The prefixes used are `mi`

for GMP multi-precision integer (distinct from the `mpz`

prefix used by the library), `pi`

for Python integer, and `ps`

for Python string.

* choose2.c*:

```
#include <Python.h>
#include <gmp.h>
void mi_factorial(mpz_t mi_result, unsigned long n, unsigned long stop) {
unsigned long int n1 = n;
mpz_set_ui(mi_result, 1);
while(n1 > stop) {
mpz_mul_ui(mi_result, mi_result, n1--);
}
}
PyObject* choose2(unsigned long n, unsigned long k) {
mpz_t mi_fact1;
mpz_t mi_fact2;
mpz_t mi_result;
char* buffer;
PyObject* ps_result;
PyObject* pi_result;
mpz_init(mi_fact1);
mpz_init(mi_fact2);
mpz_init(mi_result);
mi_factorial(mi_fact1, n, k);
mi_factorial(mi_fact2, n - k, 0);
mpz_cdiv_q(mi_result, mi_fact1, mi_fact2);
buffer = malloc(mpz_sizeinbase(mi_result, 10) + 2);
mpz_get_str(buffer, 10, mi_result);
ps_result = PyString_FromString(buffer);
pi_result = PyNumber_Long(ps_result);
mpz_clear(mi_fact1);
mpz_clear(mi_fact2);
mpz_clear(mi_result);
free(buffer);
Py_DECREF(ps_result);
return pi_result;
}
```

* choose.pyx (revised)*:

```
cdef extern from "choose1.c":
object _choose1 "choose1" (object n, object k)
cdef extern from "choose2.c":
object _choose2 "choose2" (unsigned long n, unsigned long k)
def choose(n, k):
return _choose1(n, k)
def gmpchoose(n, k):
return _choose2(n, k)
```

* setup.py (revised)*:

```
from distutils.core import setup
from distutils.extension import Extension
from Pyrex.Distutils import build_ext
setup(
name = "choose",
ext_modules=[
Extension("choose", ["choose.pyx"], libraries=['gmp'])
],
cmdclass = {'build_ext': build_ext}
)
```

`testgmp.py`

:

```
if __name__ == '__main__':
from choose import gmpchoose
print gmpchoose(50000, 50)
```

And, finally, the result we’ve been waiting for:

```
$ time python testgmp.py
284958500315333290867708487072990268397101930544468658
476216100935982755508148971449700622210078705183923286
686402942943816349032142836981589618876226813174803825
580124000
real 0m2.042s
user 0m1.993s
sys 0m0.033s
```

Using the GMP library has cut execution time on this hardware down to around 2 seconds, from around 13-15 seconds.

## Conclusion

When implementing C extensions to speed up Python programs, there are more considerations than just “switch to compiled language, see speed increase.” Python provides many data types and structures that must be duplicated in the C program, and using the Python API heavily may lead to a slight or nonexistent gain in performance. Meanwhile, using other libraries may require interconversion (e.g. here, the GMP multi-precision integer is converted to a Python integer by way of a decimal string representation).
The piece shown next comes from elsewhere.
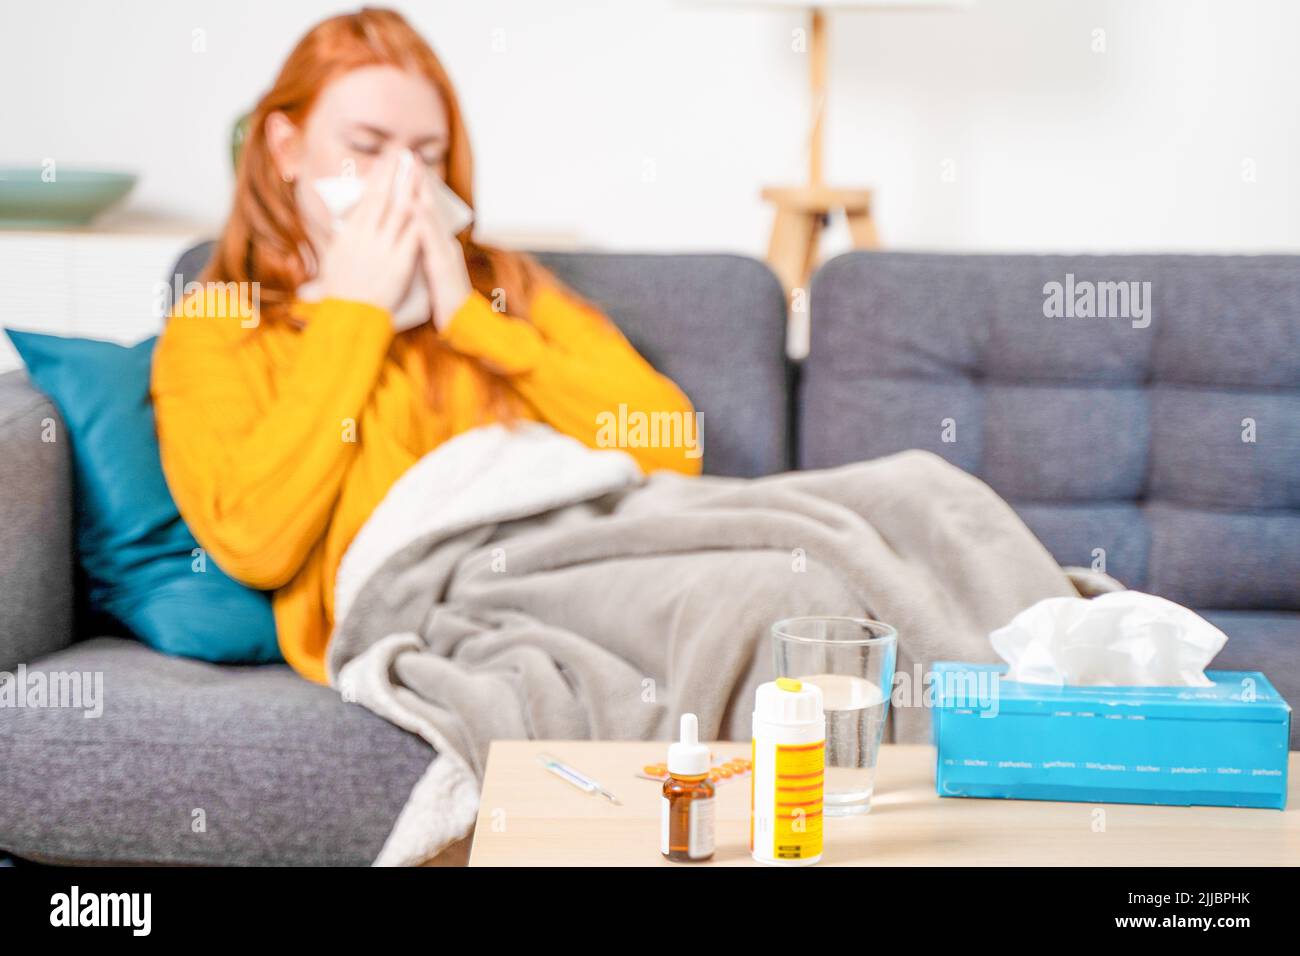 Sick woman with fever symptoms at home Stock Photo

For purely numeric functions that deal only in values that fit within standard C types, it’s relatively easy to create large speedups. Once other types, such as strings and bignums, become involved, the work starts to build up. However, the reward can still be substantial: here, the final C extension using GMP resulted in an 86% reduction in execution time. The results above do not mean that GMP is more performant than Python bignums in general, but the difference in performance in this case is obvious.